Of course, the technology decisions companies make today have consequences for the longer term. Yes, remote workers may put in more hours than office staff, but technology can be a make-or-break decision that determines how high their productivity can go. Too often, companies allow remote workers to use multiple communications and collaboration tools—often disconnected from each other—that actually hamper productivity.
Experts call it “app overload”—the excruciating process of constantly switching between multiple communications apps to further remote conversations. A conversation starts in an email app, for example, where documents get shared, but the thread might continue in a separate text message, where additional files get shared, or a phone call. Ultimately, a wider team might convene an online meeting in a separate app, where more ideas and documents circulate.
Constantly switching between apps adds minutes here and there to the workday. If you think that wouldn’t amount to much, you’d be very wrong—a survey suggests that workers lose up to 60 minutes a day navigating various apps. That’s 32 days per year.
Timing, however, should work in IT’s favor, when it comes to communications and collaboration technology. Advances in unified communications as a service (UCaaS) technology mean that it’s possible to bring video meetings into a unified and integrated ecosystem (with team messaging and phone) that keeps all communications and collaboration on one platform.
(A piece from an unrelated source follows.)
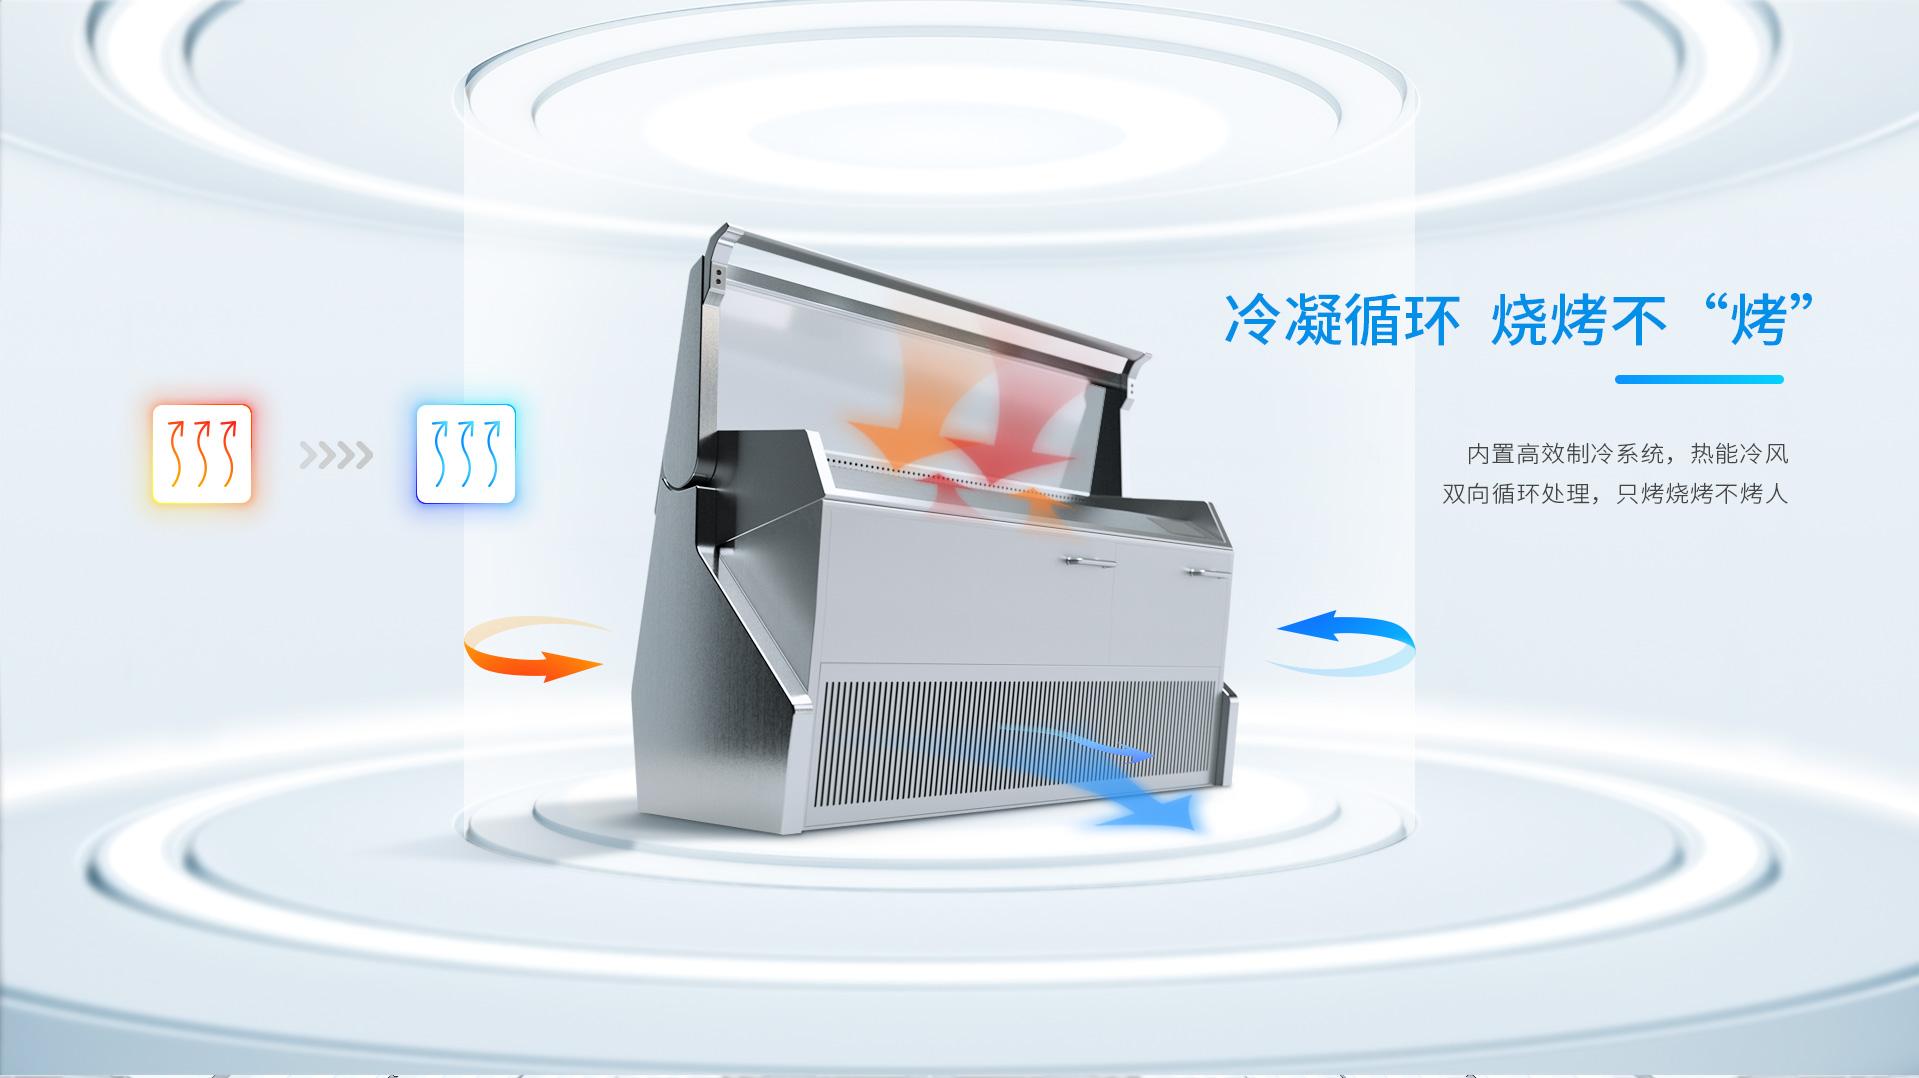 壹指蓝烧烤机,内置高效制冷系统,热能冷风双向处理.只烧烤不烤人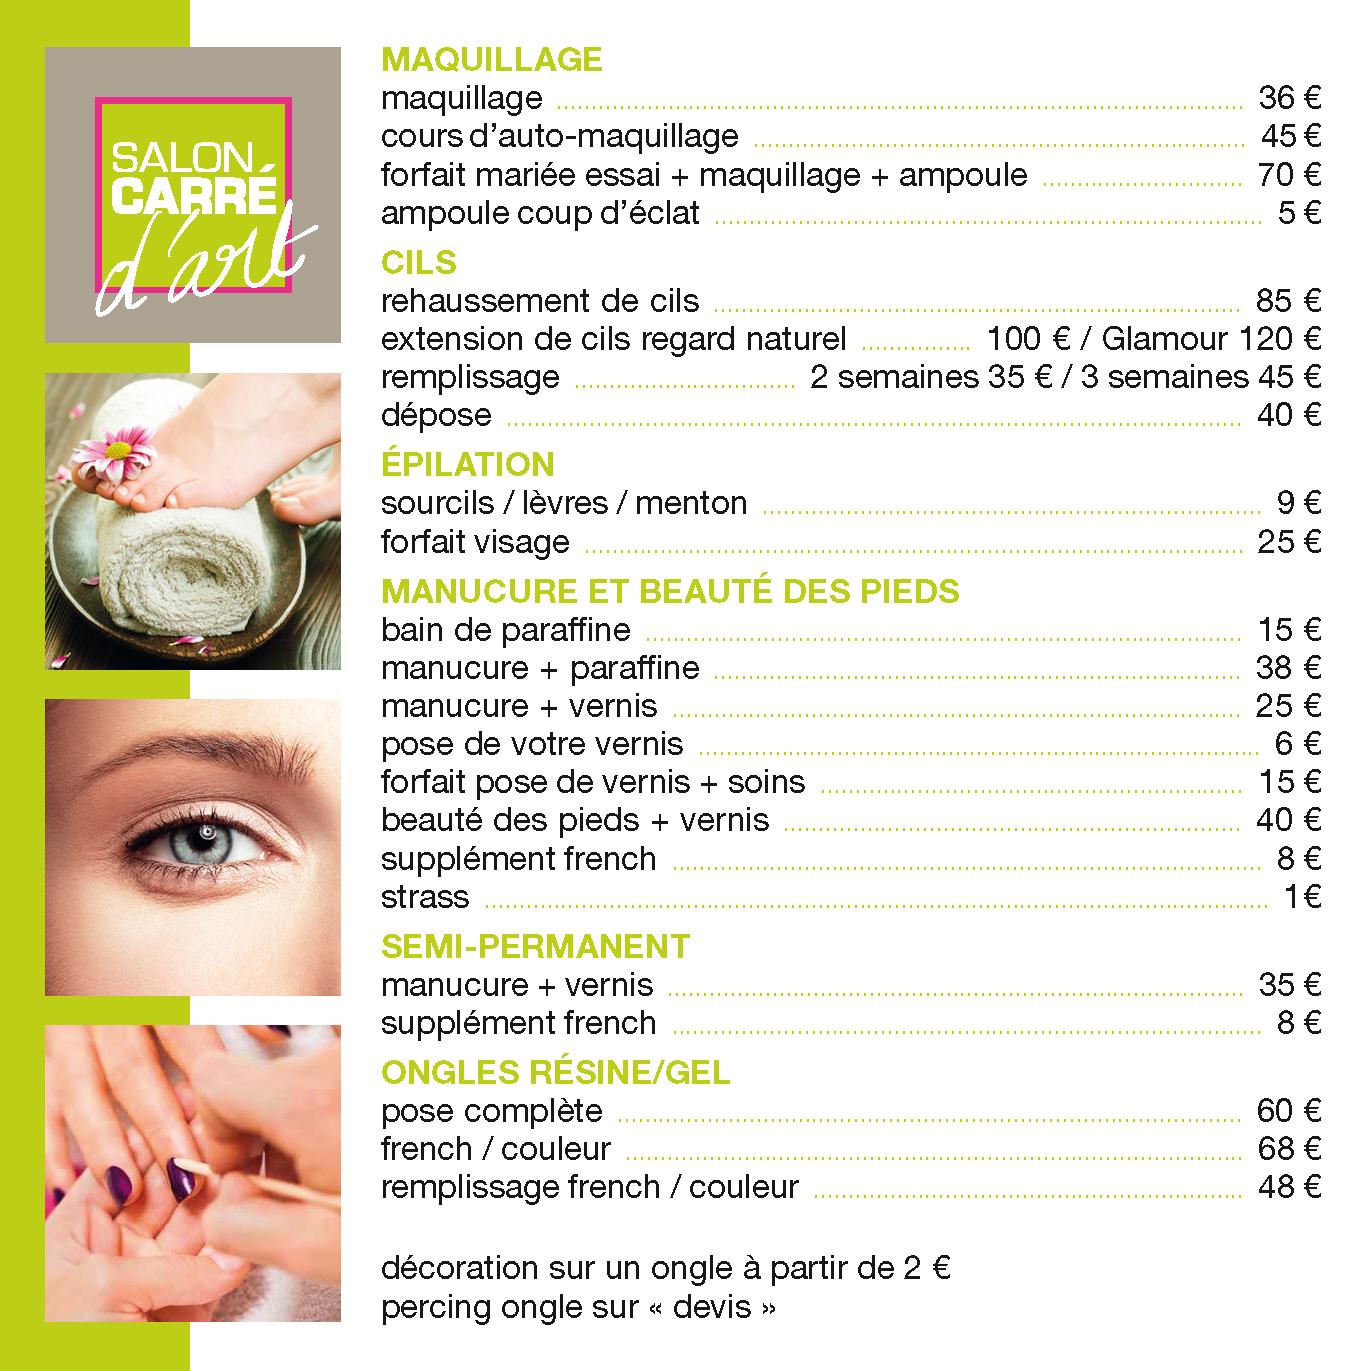 Fiche esthetique tarifs 2015 hdvalide2 page 1 coiffeur for Salon de coiffure tarif

It’s something employees have long sought. In a recent survey, 92% said an integrated communications and collaboration solution would help them navigate how they communicate with colleagues and customers. A single solution eliminates the “app overload” challenge by storing every conversation and file in one solution that’s designed to be organised by whatever topic or project a company wants.
Productivity-wise, unified solutions represent a kind of nirvana because they keep everything self-contained and searchable. Instead of racking your brain to remember which email contained that file attachment, users just find the appropriate team messaging conversation and do a search.
The single solution also pays dividends when getting new team members up to speed—focused conversation histories with in-line shared documents give newbies a single source of knowledge to get up to speed.